Experimental results demonstrate that FreeSonic achieves superior performance in maintaining original acoustic integrity while ensuring faithful edits, offering unique flexibility for complex, real-world audio scenarios.

Key Contributions

1

Training-free editing on Rectified Flow. Built on TangoFlux with an optimized inversion-reverse process, FreeSonic edits audio without any task-specific training or fine-tuning.

2

Attention-based temporal localization. Target segments are localized from text-audio attention maps during the first inversion steps, guiding edits to the intended time interval.

3

Scheduled Attention Decoupling.
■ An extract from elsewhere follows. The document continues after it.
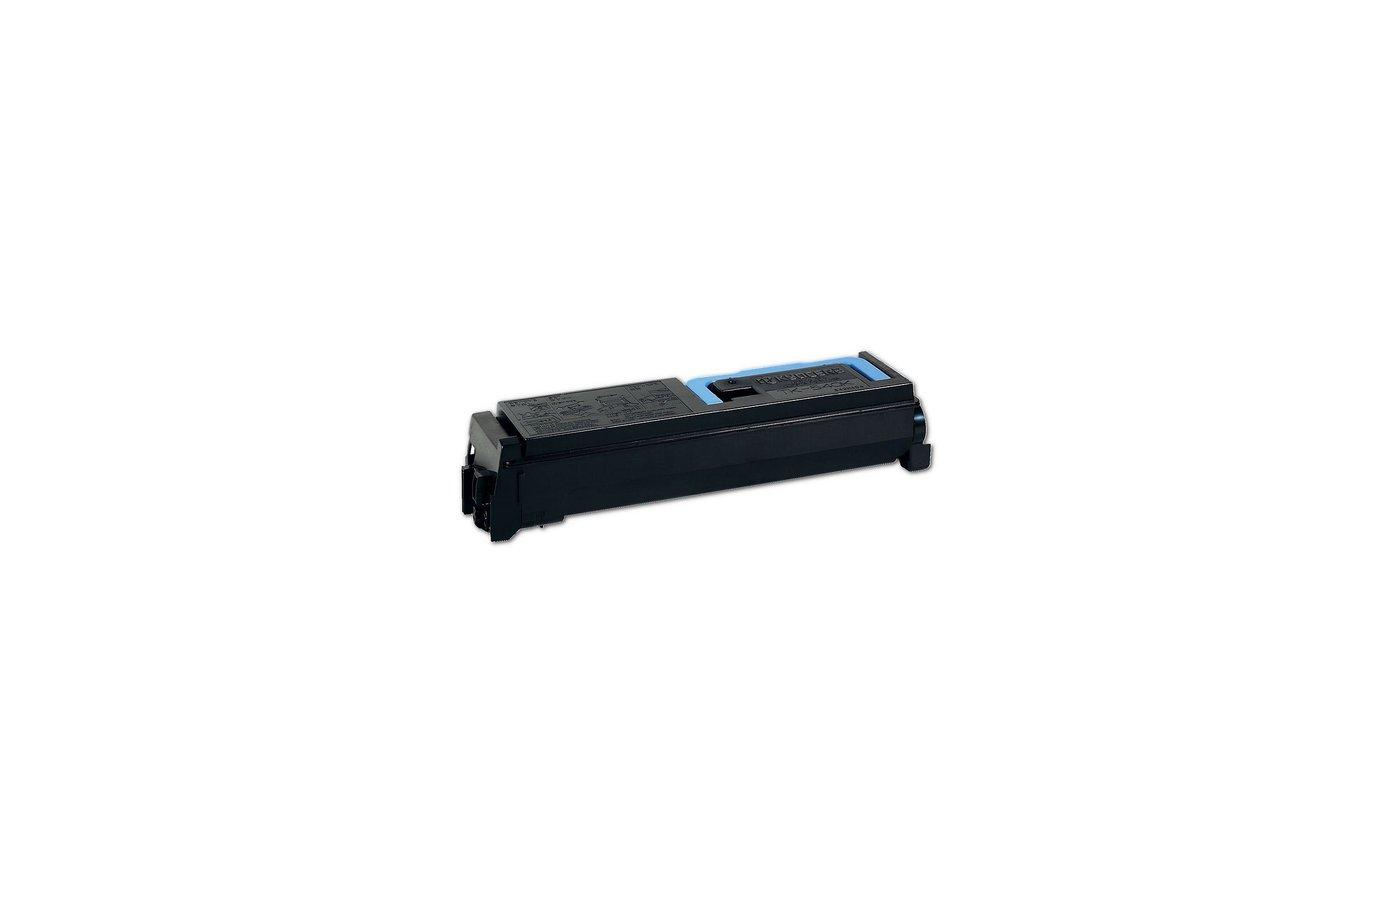 Картридж лазерный Kyocera TK-540Bk для FS-C5100DN. Чёрный. 5000 страниц.

A schedule-based fusion of Key and Value features inside the attention layers confines modifications to the target region while preserving the background.

4

Task-oriented noise injection. A unified strategy that adapts to diverse objectives — addition, removal, and semantic substitution — within a single framework.

Demos

Mel-spectrograms and audio samples produced by FreeSonic against prior baselines and ground truth. The FreeSonic column is highlighted.

1. Add

Adding a target sound within a designated time interval of the source audio. FreeSonic injects the new event while keeping the original context intact.

Instruction: Add Music.
Source: A clock ticking.
Target: A clock ticking, as music.

Source AudioEditor ZETA SAO-Instruct FreeSonic (Ours) Ground Truth
Mel
Audio

Instruction: Add glass breaking.
Source: A group of people laughing followed by a person farting.
Target: A group of people laughing followed by a person farting, as glass breaking.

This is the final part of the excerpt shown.